● **WHAT YOU SHOULD DO**
Your answer should be each line of the entries that contains the word "with", copied in full.

● **INFORMATION SUPPLIED**
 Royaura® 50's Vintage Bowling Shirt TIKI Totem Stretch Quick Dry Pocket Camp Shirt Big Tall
--
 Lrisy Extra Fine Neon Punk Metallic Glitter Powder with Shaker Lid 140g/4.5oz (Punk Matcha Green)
...
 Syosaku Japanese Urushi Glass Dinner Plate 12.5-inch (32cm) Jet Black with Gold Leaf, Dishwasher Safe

● **SOLUTION TO THIS PROBLEM**
 Lrisy Extra Fine Neon Punk Metallic Glitter Powder with Shaker Lid 140g/4.5oz (Punk Matcha Green)
 Syosaku Japanese Urushi Glass Dinner Plate 12.5-inch (32cm) Jet Black with Gold Leaf, Dishwasher Safe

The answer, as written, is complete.